The ecotoxicological assessment of environmental samples using different endpoints is usually very complex, and mathematical models are recommended for successful results (Hollert et al. 2002b; Keiter et al. 2009). It was shown that partial order theory (for example used in the Hasse diagram technique) and fuzzy logic theory are appropriate approaches for the risk estimation of complex environmental data (Hollert et al. 2002b; Lerche et al. 2002; Voigt et al. 2006). In order to develop a general classification system, Keiter et al. (2009) processed a huge dataset of effect data of different bioassays (i.e., fish embryo assay with D. rerio, neutral red assay, comet assay, and EROD assay) using fuzzy logic. In the present study, this classification was used to assess the results of the biotests (Table 2). The empirical model was used due to the highest correlation between the biotest results and the fuzzy logic alternative (Keiter et al. 2009).

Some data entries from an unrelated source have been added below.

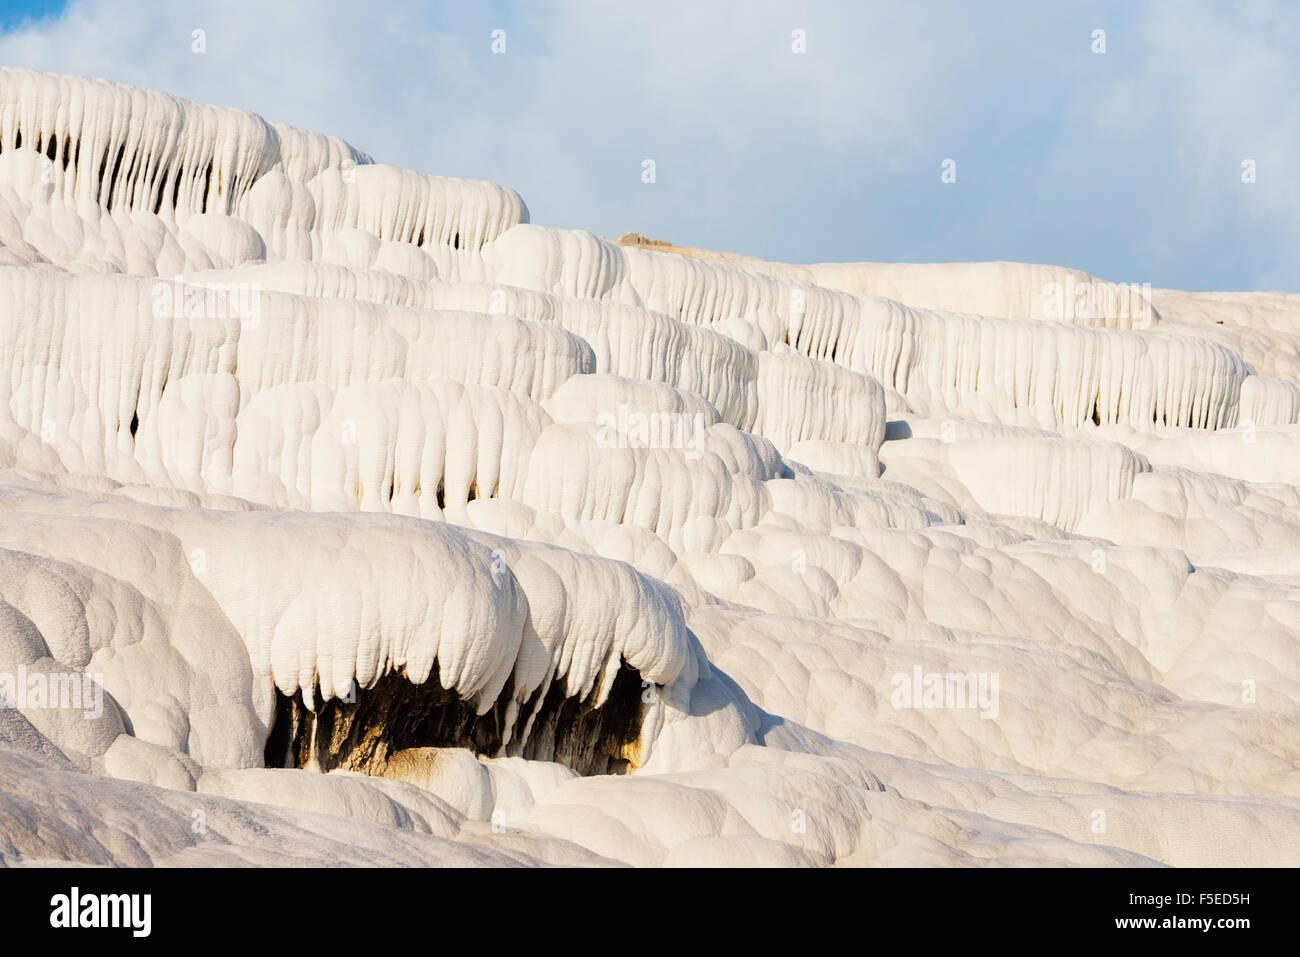 Weißer Travertin Becken, Pamukkale, UNESCO-Weltkulturerbe, westlichen Anatolien, Türkei, Kleinasien, Eurasien Stockbild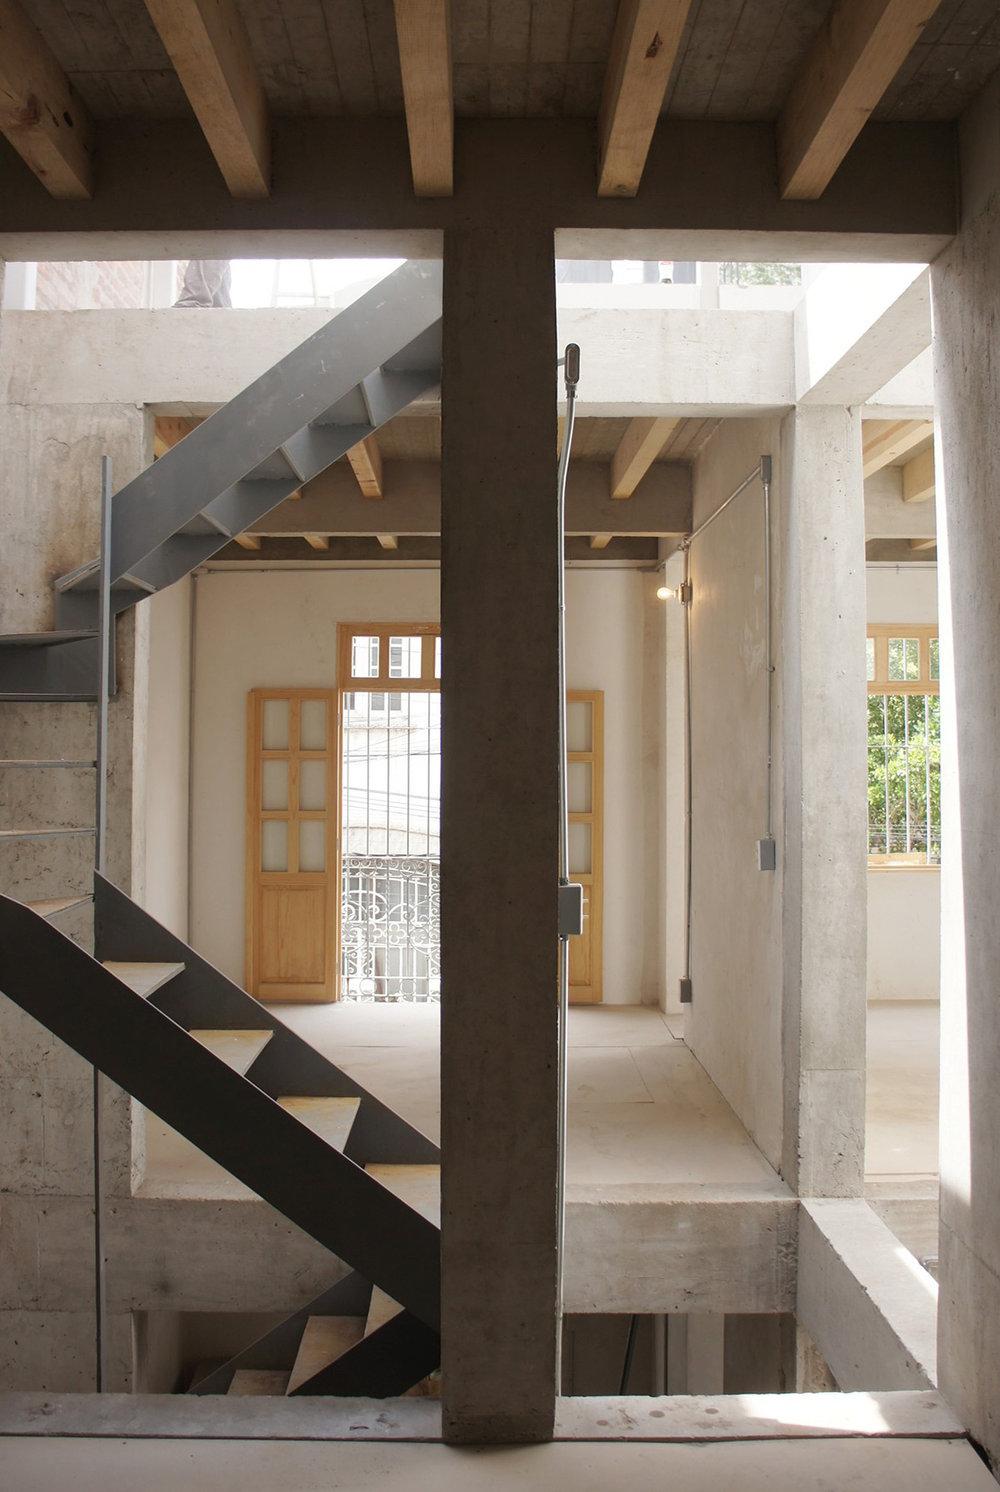 CASA TAPACHULA   Ciudad de México  Cliente: CampoTaller  Obra: 2014  Restructuración de vivienda de 80 años de antiguedad, mediante la inclusión de muros de concreto, reforzamiento de muros de mampostería, crecimiento en azotea con estructura ligera de madera y acero. 100 m2 de restructuración y 40m2 de ampliación.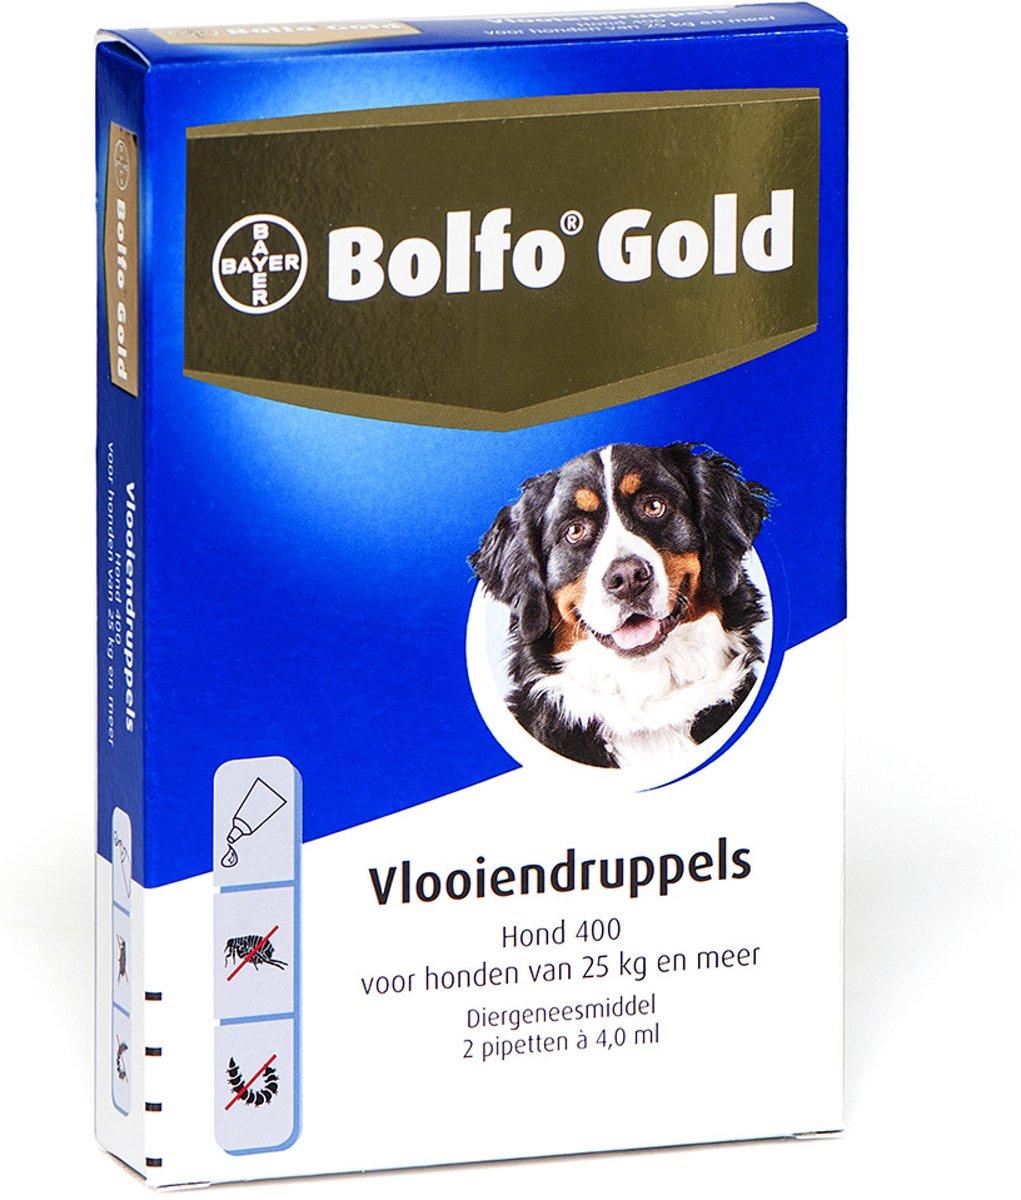 Bolfo Gold 400 Anti vlooienmiddel - Hond - <gt/>25 kg - 2 pipetten

Table 2 Threshold values of the three different toxicity values for each biotest system according to an empirical model developed by Keiter et al. (2009)

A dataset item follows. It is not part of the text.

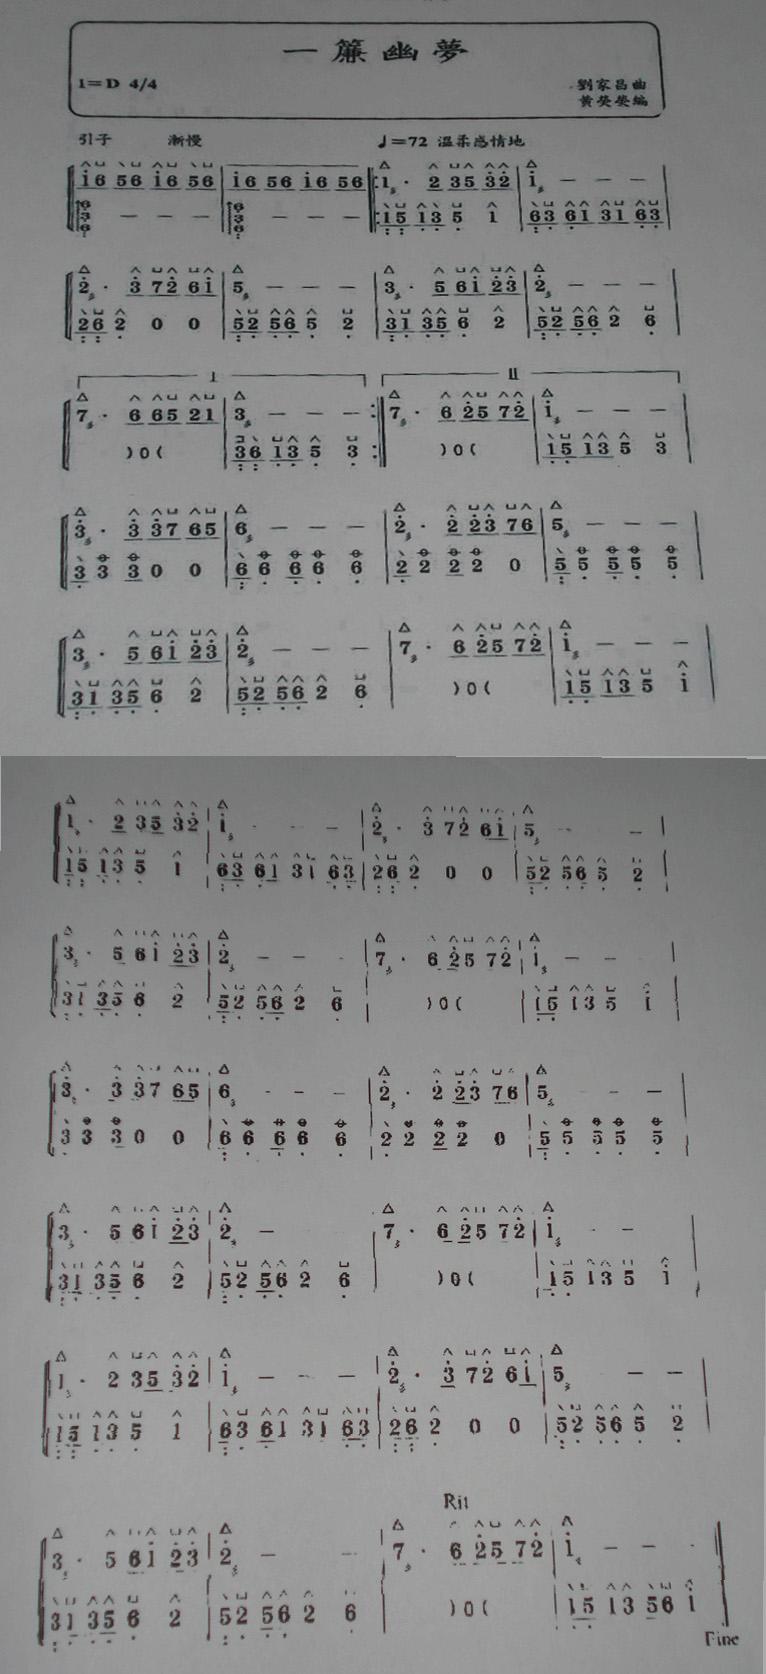 古筝曲谱 一帘幽梦

With respect to cytotoxicity, only two samples were classified as moderately cytotoxic (B5 and BT1). The samples of the frequently inundated area and the SPM samples were categorized strongly toxic in the EROD and the fish embryo assays with native samples, except sample BT6 which was ranked moderately toxic (Table 3). The samples of the landsite soils were moderately toxic in these bioassays. In contrast, the fish embryo assay with acetonic extracts resulted in a nontoxic grouping of the landsite soils (B samples) and two BT samples (BT2 and BT3). One sample was strongly toxic (BT1), and the analyzed SPM samples were classified as moderately toxic (Table 3).

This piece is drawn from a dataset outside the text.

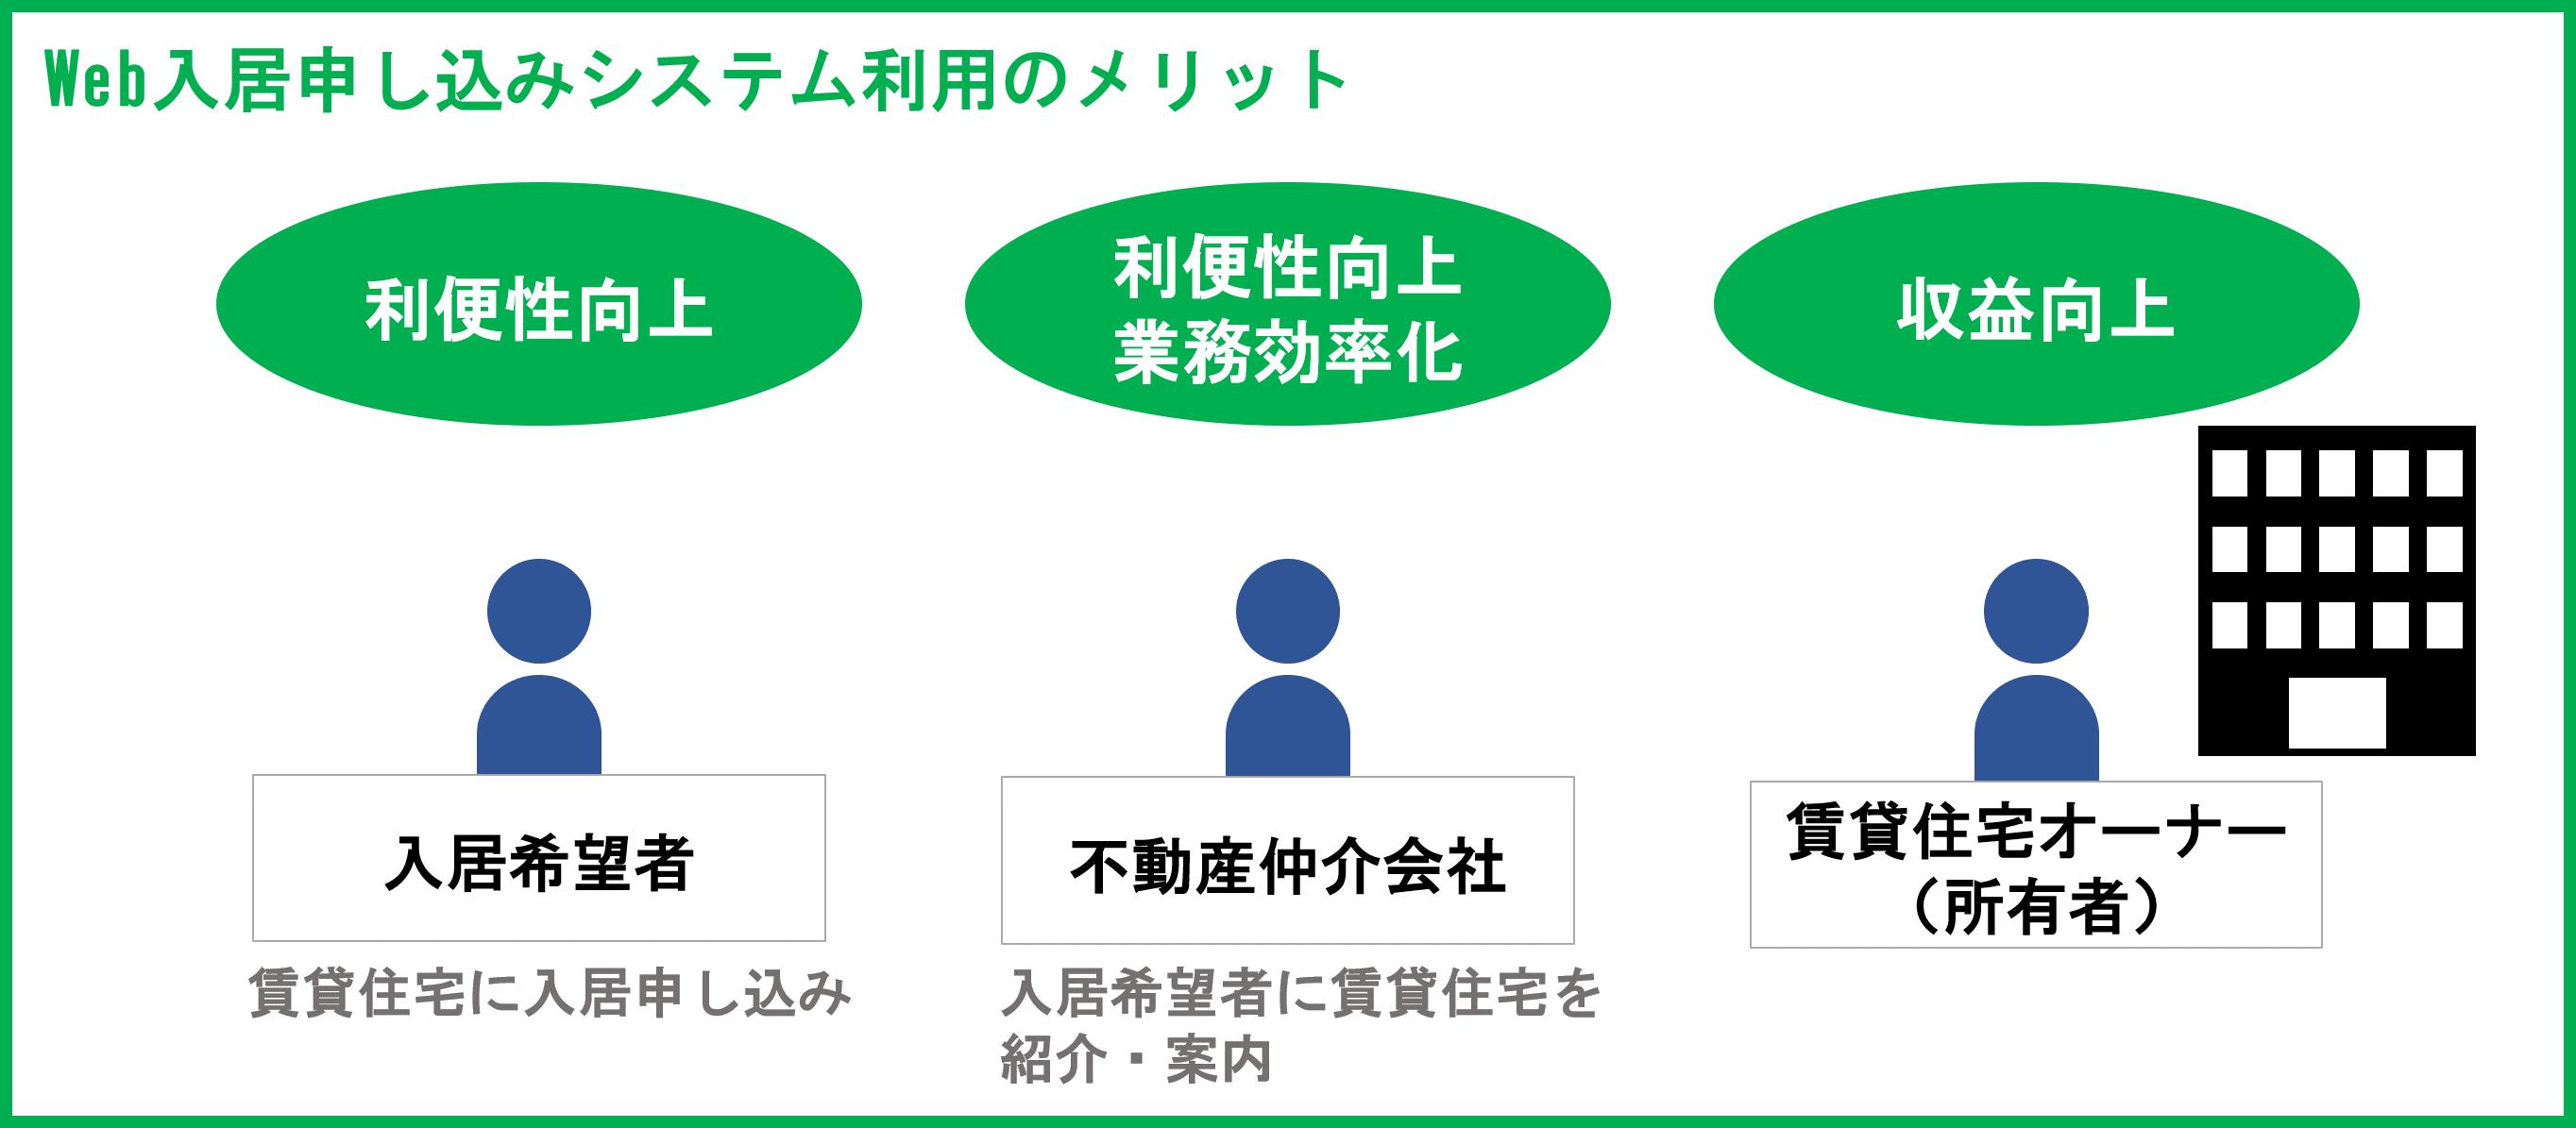 【東急住宅リース】Web入居申し込みシステム利用のメリット.png

Table 3 Threshold values of three different toxicity levels (nontoxic, moderately toxic, strongly toxic) for the neutral red assay (NR), the EROD assay and fish embryo assay (FET) classified according to the empirical model developed by Keiter et al. (2009; Table2); Ac: acetonic extract, Nat: native sediment, ‒: nontoxic, +: moderately toxic, ++: strongly toxic, B: landside soils; BT: floodplain soils; S: suspended particulate matter, SEQ = sediment equivalent

Conclusions

The results of this study clearly document that native samples may well be significantly more effective than corresponding extracts in the bacteria contact assay or the fish embryo test. These results question the commonly accepted concept that acetonic extracts are likely to overestimate the toxicity of soil and SPM samples. Likewise, the priority organic compounds analyzed failed to fully explain the toxic potential of the samples. The outcomes of this study revealed the insufficient knowledge regarding the relationship between the different exposure pathways. Finally, there is concern about adverse effects by settling suspended particulate matter and remobilized sediments in frequently inundated floodplain soils due to an increase of the hazard potential—especially the dioxin-like potential—if compared with infrequently inundated floodplain soils.